“Dilimin sınırları dünyamın sınırlarıdır” demiş Wittgenstein. Kavramlar aracılığıyla düşündüğümüzü, zihnimizde oluşan her nesnenin alanını oluşturanın dil olduğuna dikkat çekmiştir haklı olarak. Dili bir metafizik canlı olarak ele aldığımız zaman onun işlevi temel nitelik olarak belirmekte ve etkileşimden daha önemli gözükmektedir. Felsefe yapabilmek soru sorabilmekse eğer, dış dünyamızın sınırsızlığını “sınırlayan” dil bize yeteri kadar yardımcı olamıyor demektir. Buradaki amacım mükemmel anlama ve algılama yetisini arayış değil, sadece nesnel düşünebilmek, nesnel algı gibi tartışma konularına farklı bir bakıştan bakabilmeyi denemektir. Konuyu biraz daha açacak olursak eğer sadece felsefe bağlamında düşündüğümüzde sorduğumuz soruları zihnimizde oluşan kavramlar arasındaki uzlaşma veya çatışmanın sonuçlarının oluşturduğunu görebiliriz.

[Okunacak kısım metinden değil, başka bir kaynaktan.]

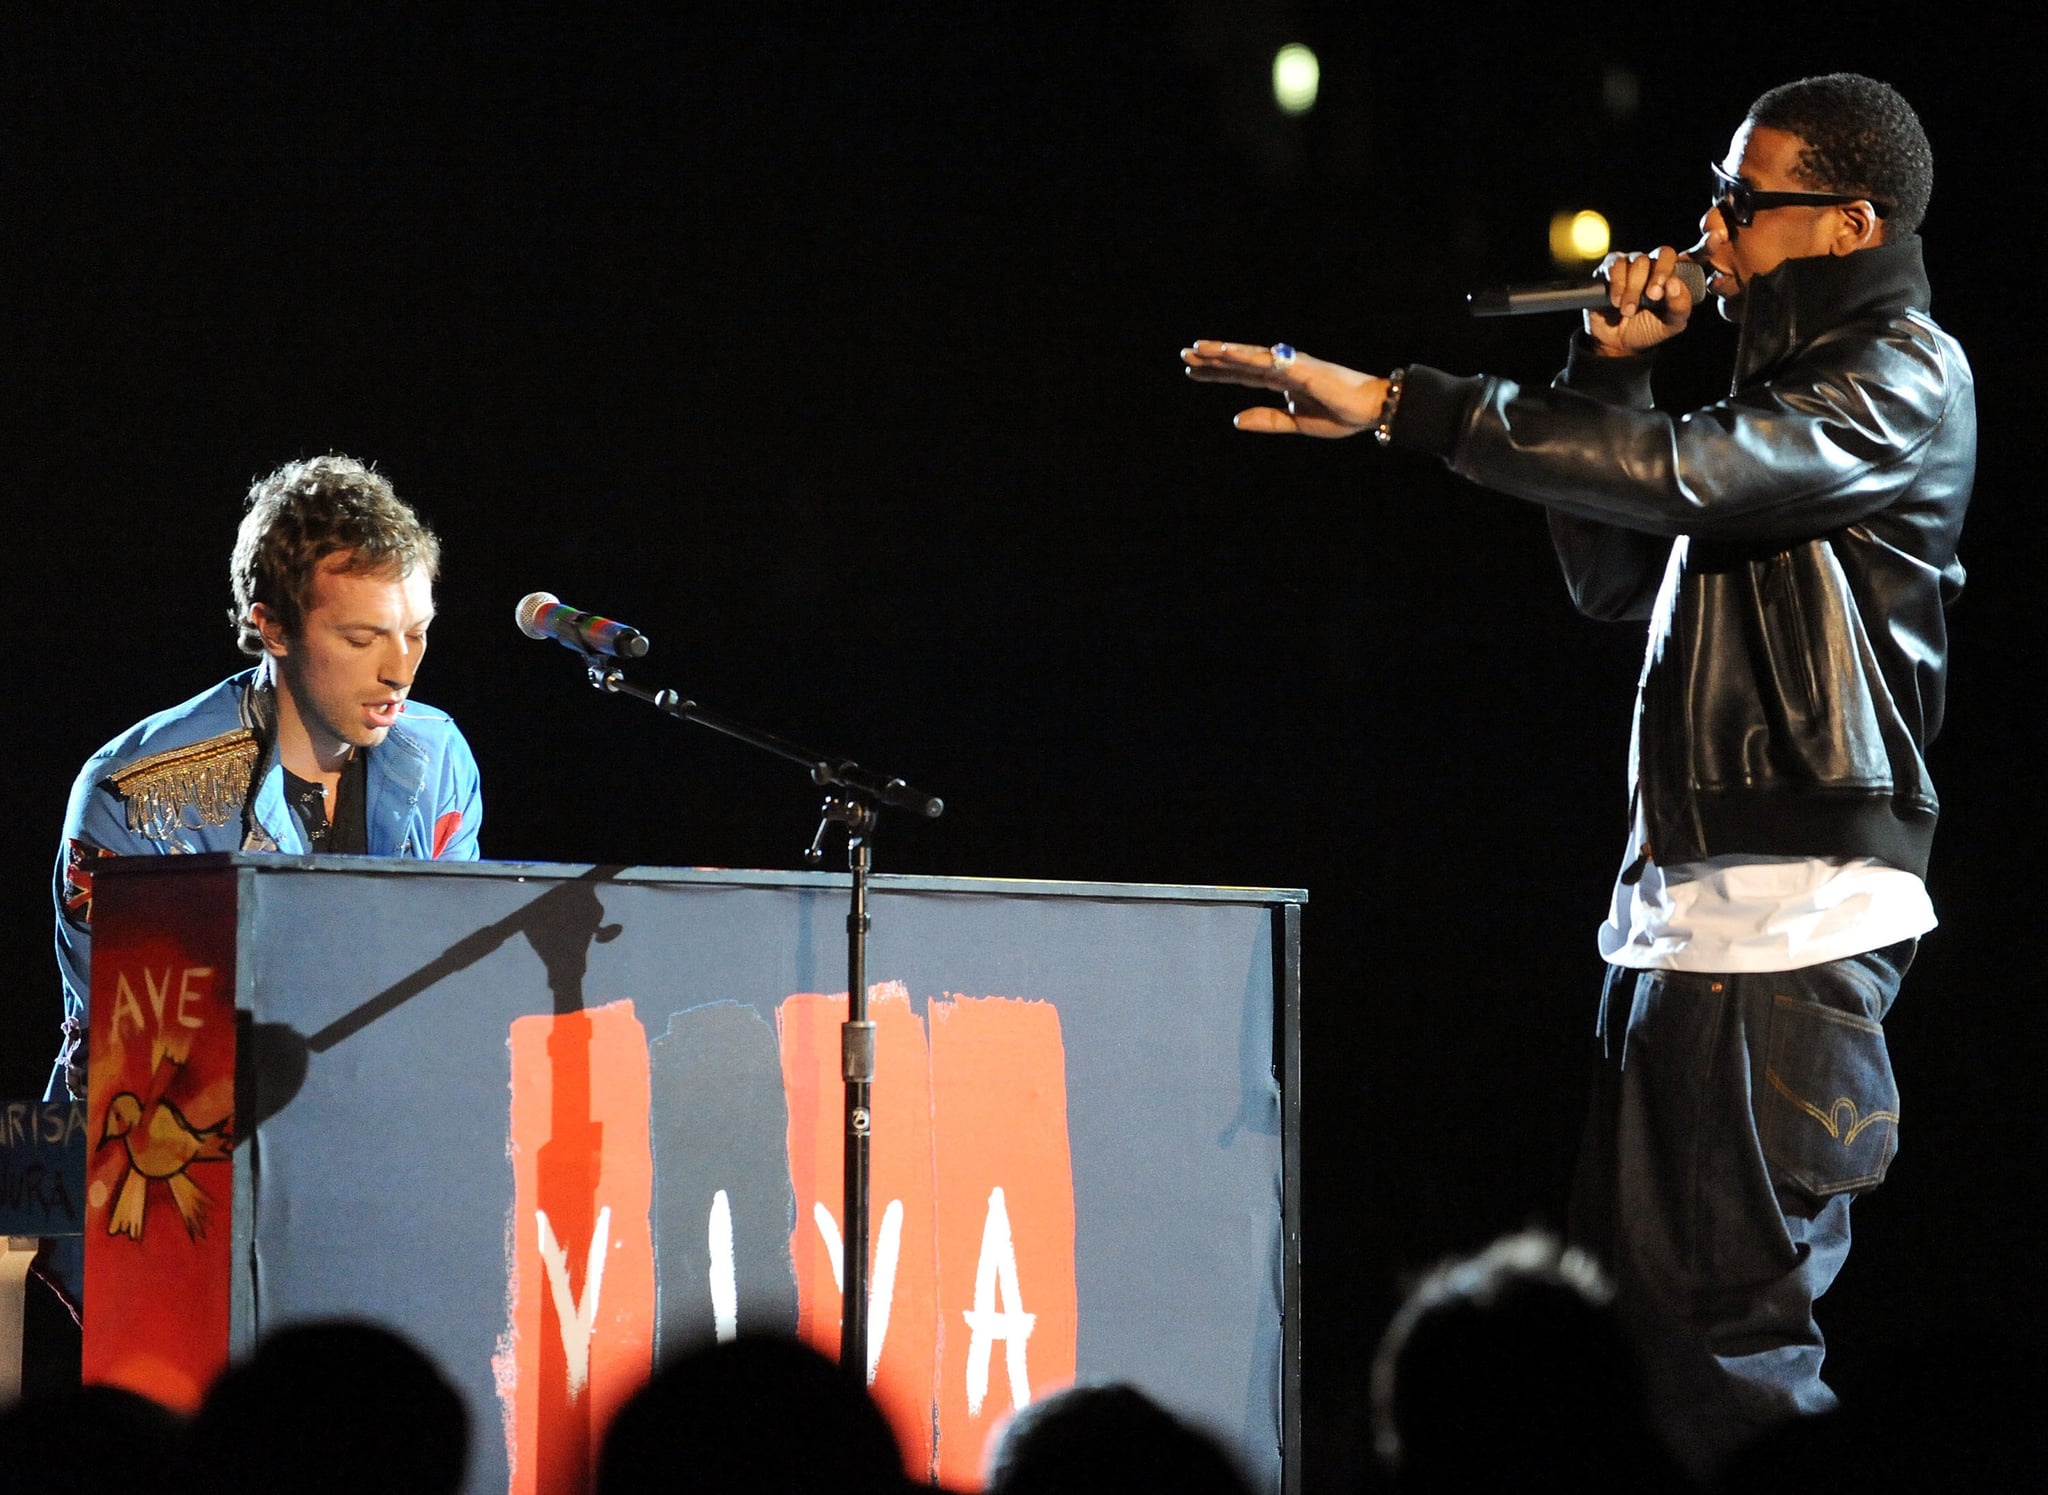 Jay Z joined Coldplay on stage in 2009.

Peki buna bağlı olarak bu eksikliği gidermenin, yani felsefi soruların alanının daha da genişletilebilmesi mümkün müdür?
2 comments
Felsefe olarak soru alanını çoğaltmak yerine cevapları bulan bir felsefe bence gerçek bir felsefedir.Yolu sorularla kaybettirmek yerine direkt yolu göstermesi en doğru olan felsefedir diyorum,vesselam.
Felsefe direkt yolu gösteren, cevap odaklı bir uğraş değil.Nihai sonuç diye birşeye inanmıyorsak(ki ben inanmıyorum) sadece cevaplardan soru doğurtacak egzersizdir.